In Bihar, a Hunger to See Narendra Modi

(Ishwari Bajpai is Senior Advisor at NDTV; he has been a journalist for 30 years, and has covered the elections since 1984.)

"Lijye teer aur bhujaye lantern" may draw a ripple of applause for beleaguered Chief Minister Nitish Kumar as he campaigns in Saran, North Bihar, but it is an outdated battle cry.

In 2014, Lalu's lantern is outshining Nitish's teer or arrow as both try to keep Bihar from falling to the Modi juggernaut. And that is what the election has boiled down to in Bihar: Narendra Modi.

Whatever the result in Bihar, there is no question that Modi has been able to define the election as a referendum on him. Wave or no wave, he is the single talking point amongst voters and politicians. Enormous credit must go to his propaganda machine - even in the smallest village in North Bihar, the watermelon-seller talks about Modi. And not just Modi as another heavy-hitter, but Modi as the man who has developed Gujarat and says will develop India.

The people of Bihar, seeped in poverty, have lived with hope. It was that hope that drove them from the Congress to the hope Lalu offered of caste upliftment. When Nitish brought the hope of good governance, he won their support. Both to some extent came true, but poverty has remained the story for much of Bihar.

Whether the hope parented by Modi's promises of economic vitality will translate into reality is tomorrow's story. Right now, there is a hunger to see him.

At a large public meeting in Hajipur, Modi is applauded as he promises the Gujarat development miracle of 24 hours of electricity to an audience that lived with four hours of power supply under Lalu and gets about 12 hours a day now with Nitish. As he attacks the "Ma-Beta non-performing government" pivoted by the Gandhis, Modi promises fast-pace development and no corruption if he is elected.

The large crowd, baking in the mid afternoon sun, are not all committed BJP supporters.
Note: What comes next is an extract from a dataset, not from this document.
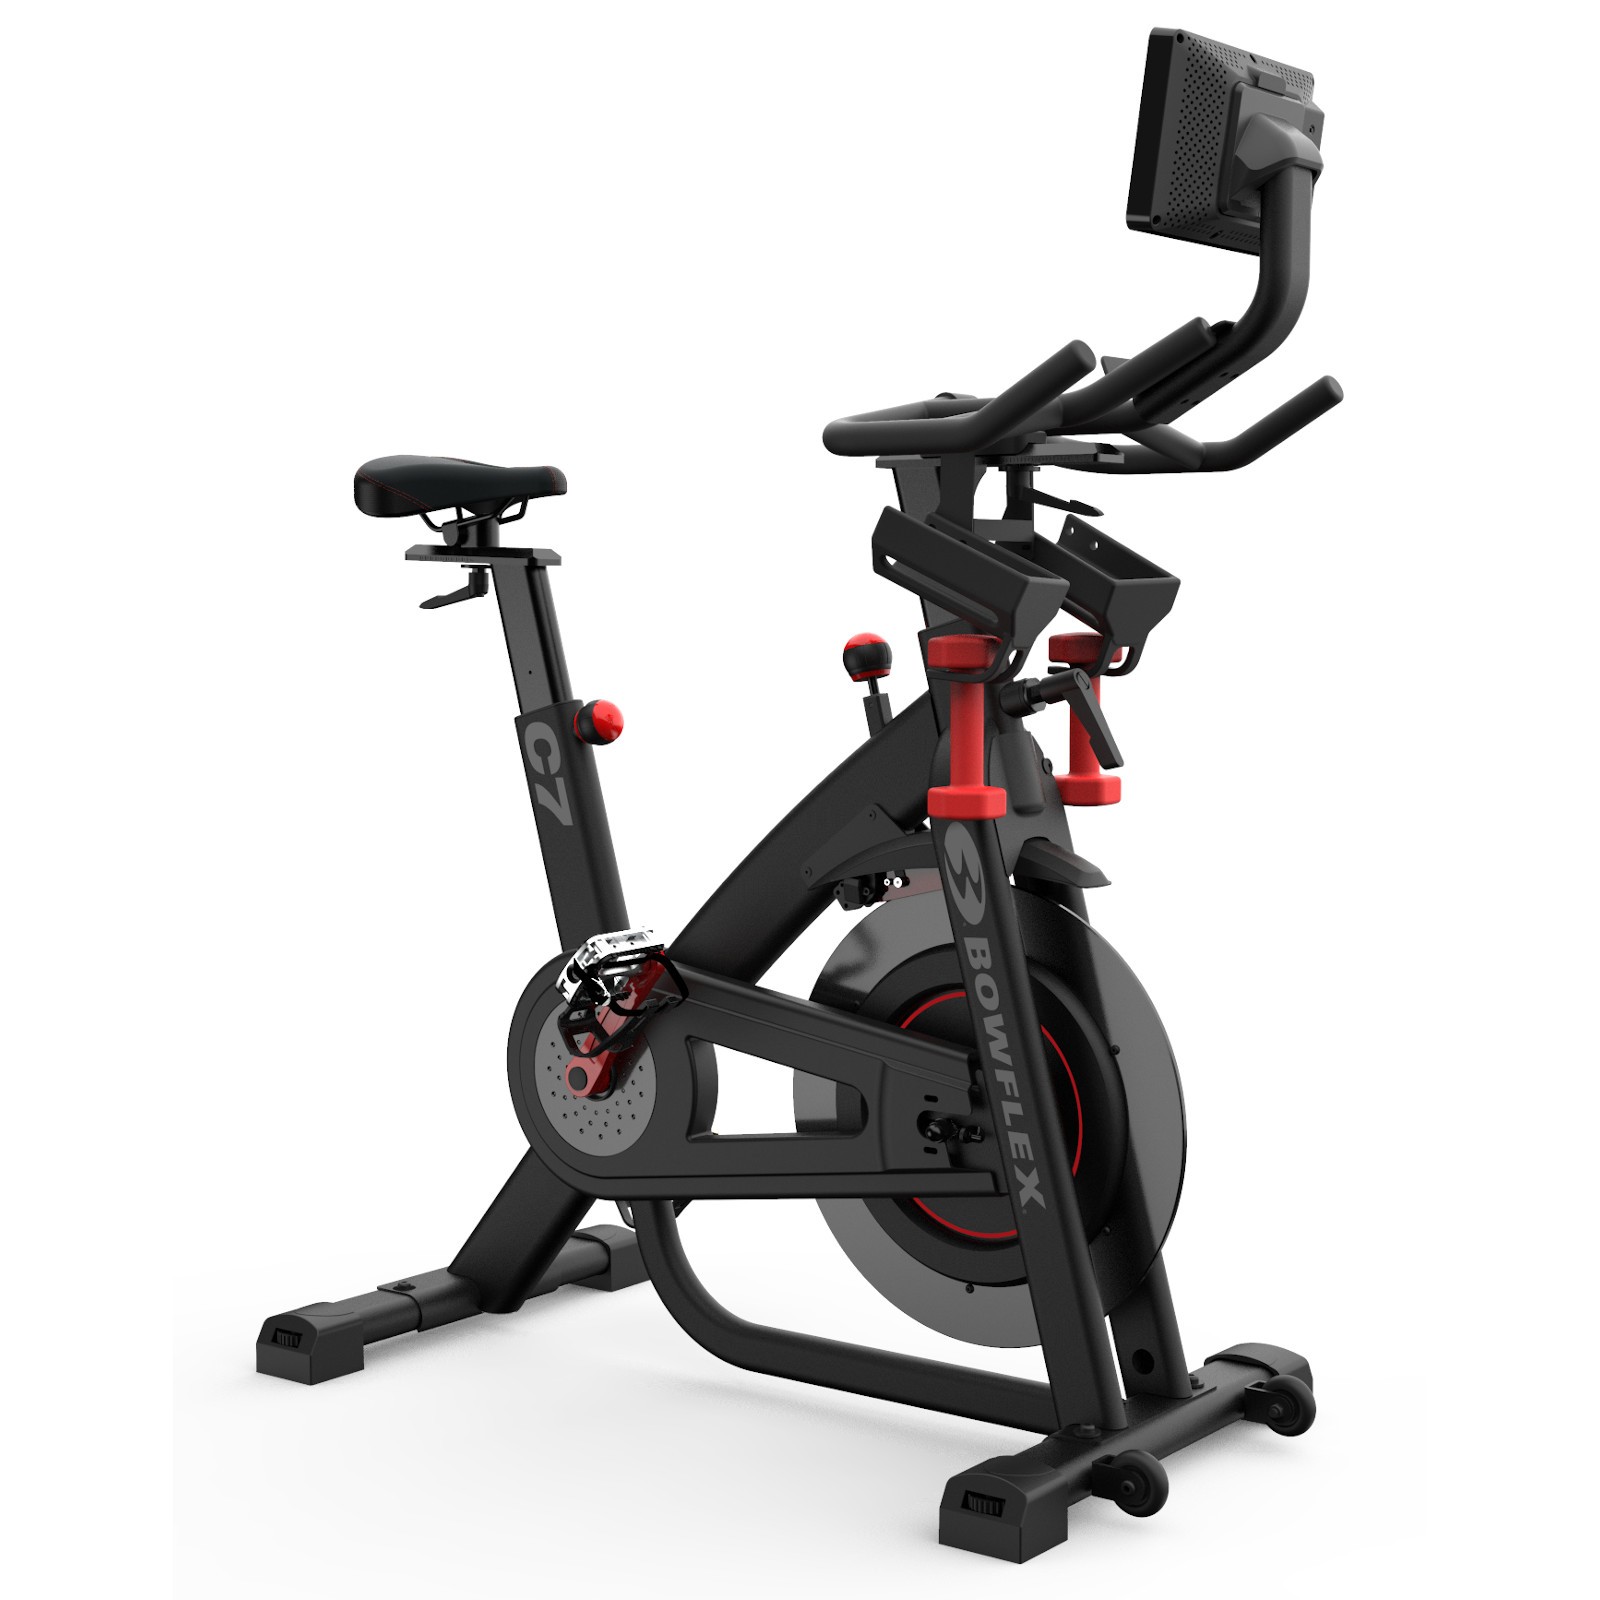 Review of the Bowflex C7 Exercise Bike

Many have come to listen to him, to gauge the phenomenon they have heard about and perhaps decide whether to cast their vote for him. They cut across castes and occupations and listen carefully to what he has to say.

To demolish his credentials, Lalu and Nitish are heavy-handed at their rallies about the Gujarat riots of 2002. "He has tried to side- track communalism with this promise of development. Only God can save India if Modi becomes Prime Minster" warns Lalu.

Nitish debunks the development narrative of Gujarat claiming that the school dropout rate there is very high. "What kind of state is Gujarat without peace and education?" he asks. At a smallish rally in Saran, where Lalu's wife Rabri Devi and the BJP's Rudy Pratap Singh are in a close fight, Nitish is campaigning for his local candidate. He claims that "Modi will bring back crony capitalism, to pay the moneybags that supported him."

In Bihar, where caste is still a very important criteria for voting, the anti-Modi vote is coalescing around Lalu because it seems that that he can bring together Yadavs and Muslims ( a combine of 35%) and thwart a Modi sweep. Nitish, having lost the upper castes and upper OBCs to BJP after the split with them, is finding it difficult to get the secular vote. The key, according to everyone, including BJP leader Sushil Modi, is how the Extremely backward Classes ( EBCs), who form upto 35% of Bihar population, will vote. Sushil Modi is confident that the BJP has reached out to enough of them to make the difference.

Unfortunately for Nitish, his story of what he has done for Bihar and the governance he has provided are solid achievements but lost in this election with its focus on development vs communalism. Even those who voted for him in the last assembly election seem to be drifting, not because they don't appreciate what he has done, but because. As the man making mithai in a small village in Ara district said, "This is a fight about who will be PM and not about who will be CM". In that straight fight, Nitish has no place, and Modi clearly has the edge.